What are the ways we can know a child has grasped the principle of cardinality?
There are a few ways that we can tell if a student has grasped the concept of cardinality. One way to see is if you ask the child how many there are all together in the group. The child would name the last number that was counted and doesmt need to count again. The next way to identify if the child understands is to as the child to count a specific amount of items and create a set of given quantity. Another way is when given more items to take away or add, the child has the ability to count forwards or backwards instead of counting them all. Finally the last way to know if the child understands cardinality is by seeing if the child knows that the quantity will stay the same even around the fact that the place of the objects are able to change. Children normally will first learn to count before they understand “how many” objects they are actually counting in sets.
What are your thoughts on the daily calendar time in the classroom? Beneficial or no?

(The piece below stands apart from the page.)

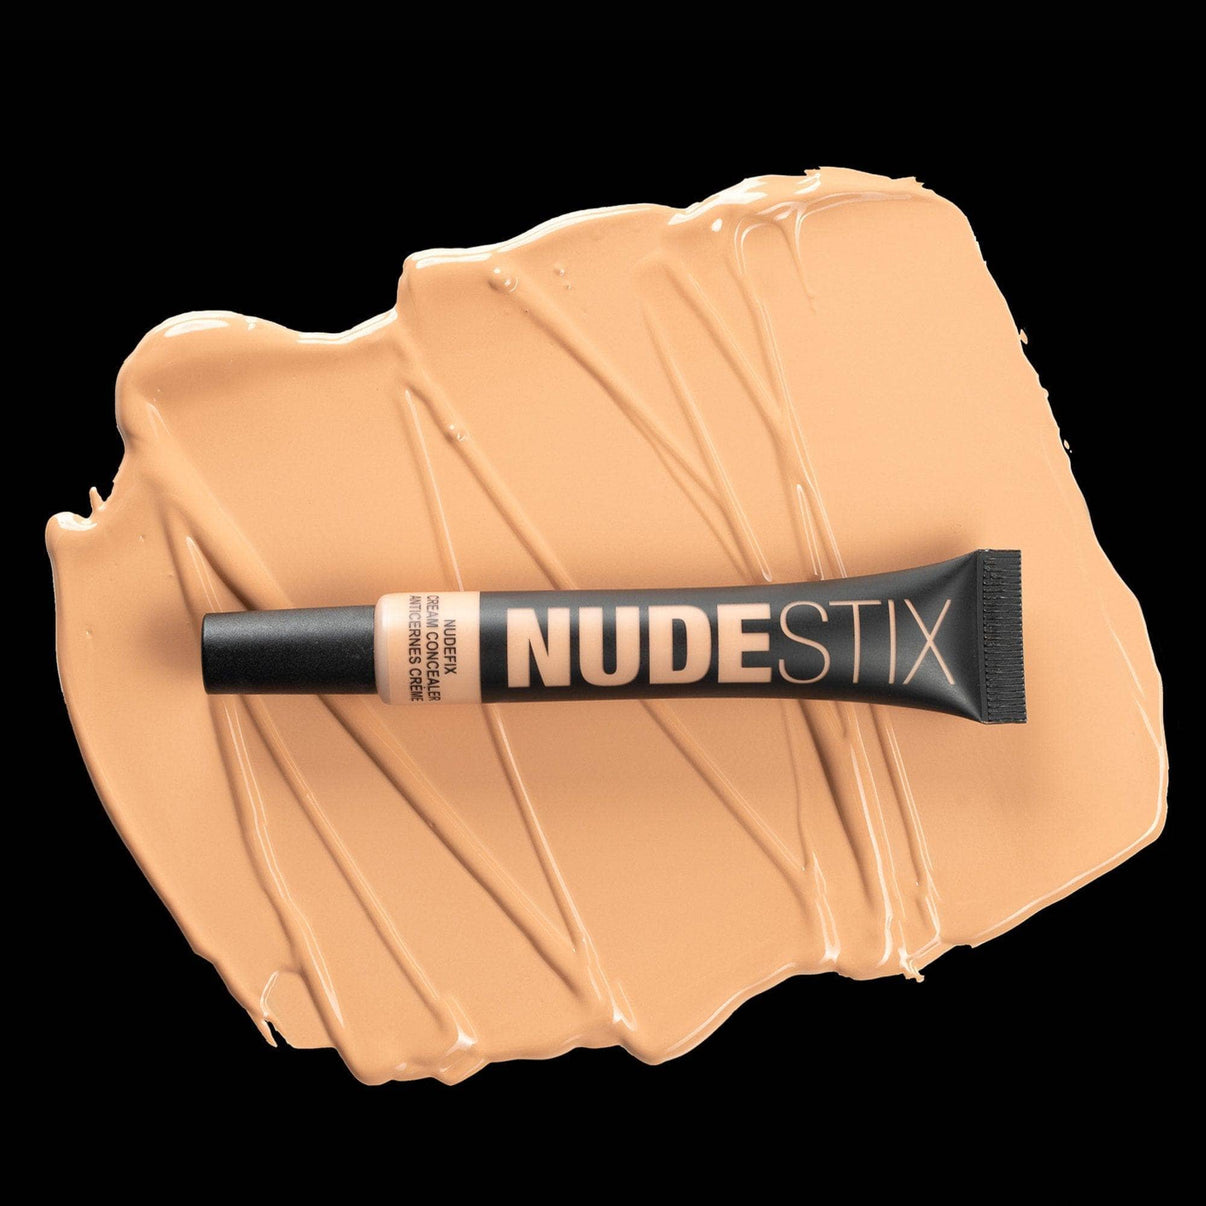 Nudefix cream concealer in shade nude 4.5 on top of texture swatch

I think that the Calander routines that are used in classrooms are not beneficial besides enabling children to be educated on the months and days of the year. I don't believe that it is conductive or beneficial because it does not exercise the counting skills or number sense since the days are never in the same order. It is hard for us to grasps the understanding at a young age of the calendar because people find it challenging to count by sevens. However, I do believe that it does help students gain the understanding about how the days of the year are sequences as well as the days of the week. However, I do not think that they can gain an entire understanding of how the calendar work because these kids don't even understand time to the full extent. Therefore, some students might not even pay attention and this time is valuable and could be spent in other instruction with math subjects.

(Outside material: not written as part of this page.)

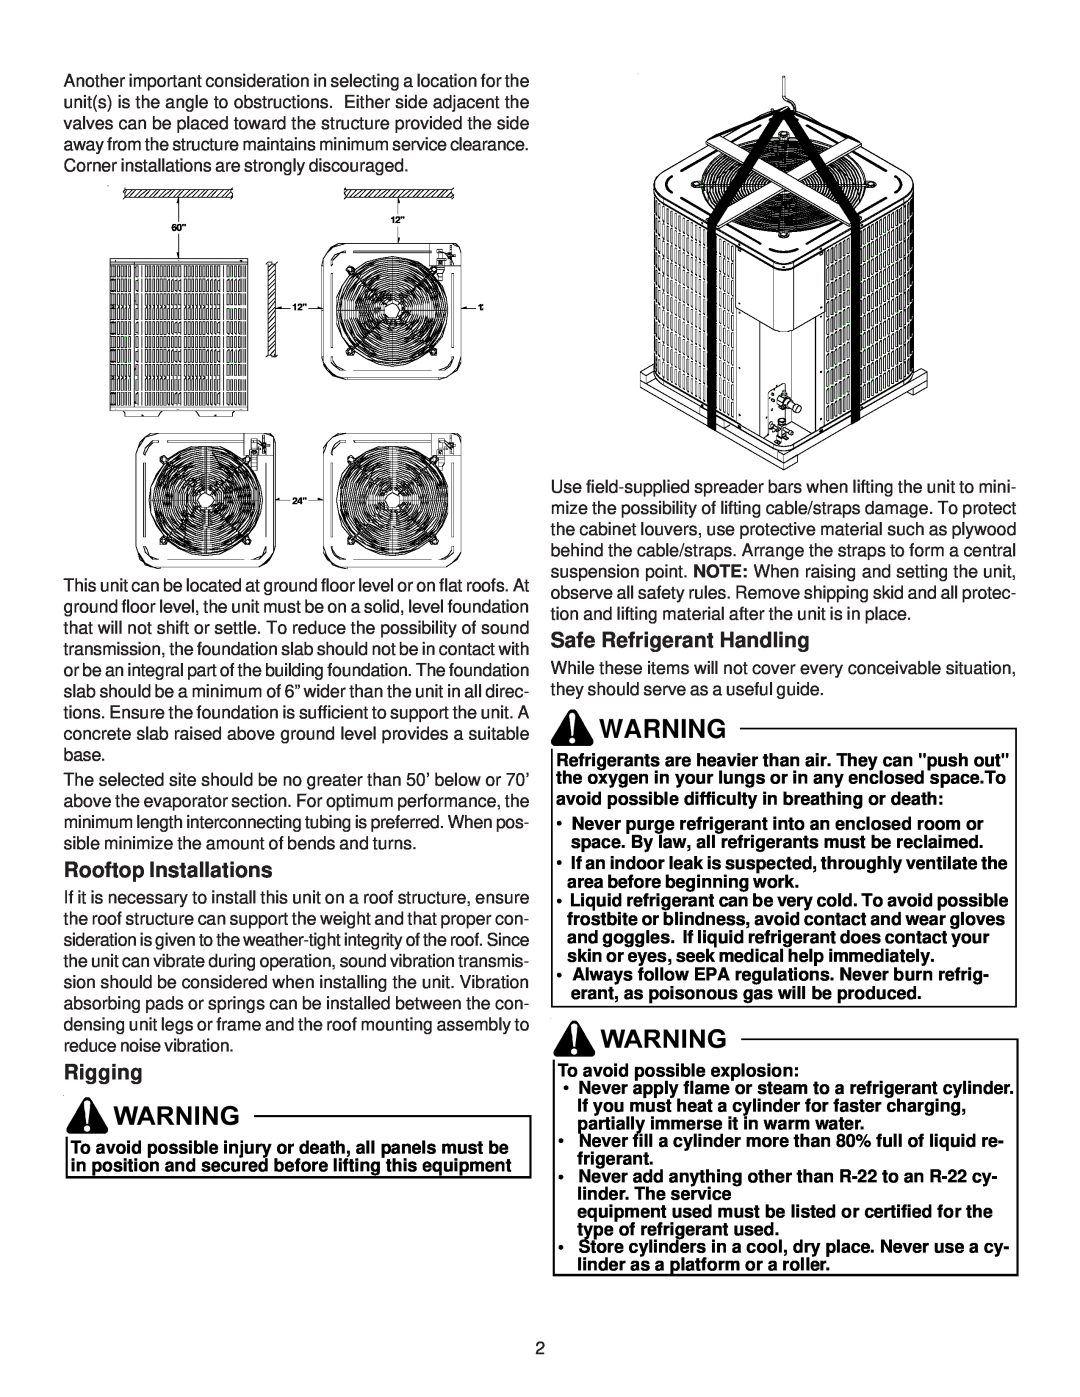 Goodman Mfg IO-402G important safety instructions Rigging, Rooftop Installations, Safe Refrigerant Handling

Watch this: https://www.youtube.com/watch?v=AODVbI2gG4Q
Chapter 4
Read the entire chapter. Highlight the information that stands out to you.
Define the following terms and give an example for each: counting all, counting on, part/whole relationships
counting all-is the first direct strategy that young children use to solve changing stories. This can involve the student increasing and decreasing until they reach the total number for that lesson. It requires a concrete representation to "operate" upon. There are many concrete ways that it can be represented, like cubes, fingers, or marks on paper.
counting on-is an effective counting strategy. As the teacher counts and says the words aloud the student holds up his fingers to show how many there are while she counts. The student normally starts out "counting all" with smaller numbers. There is also double count which is adding an amount to a number. For example six is one more than 5; seven is 2 more than 5; eight is 3 more than 5. This counting strategy is a bit more complicated than counting all.
part/whole relationships-involves a single collection or set. There is an unknown number that has to be figured out in the relationship to the others. It focuses on the direct modeling and counting strategies. For example the whole is an unknown number. For an exercise you can ask the questions like There are two boys and six girls. How many children in all are there?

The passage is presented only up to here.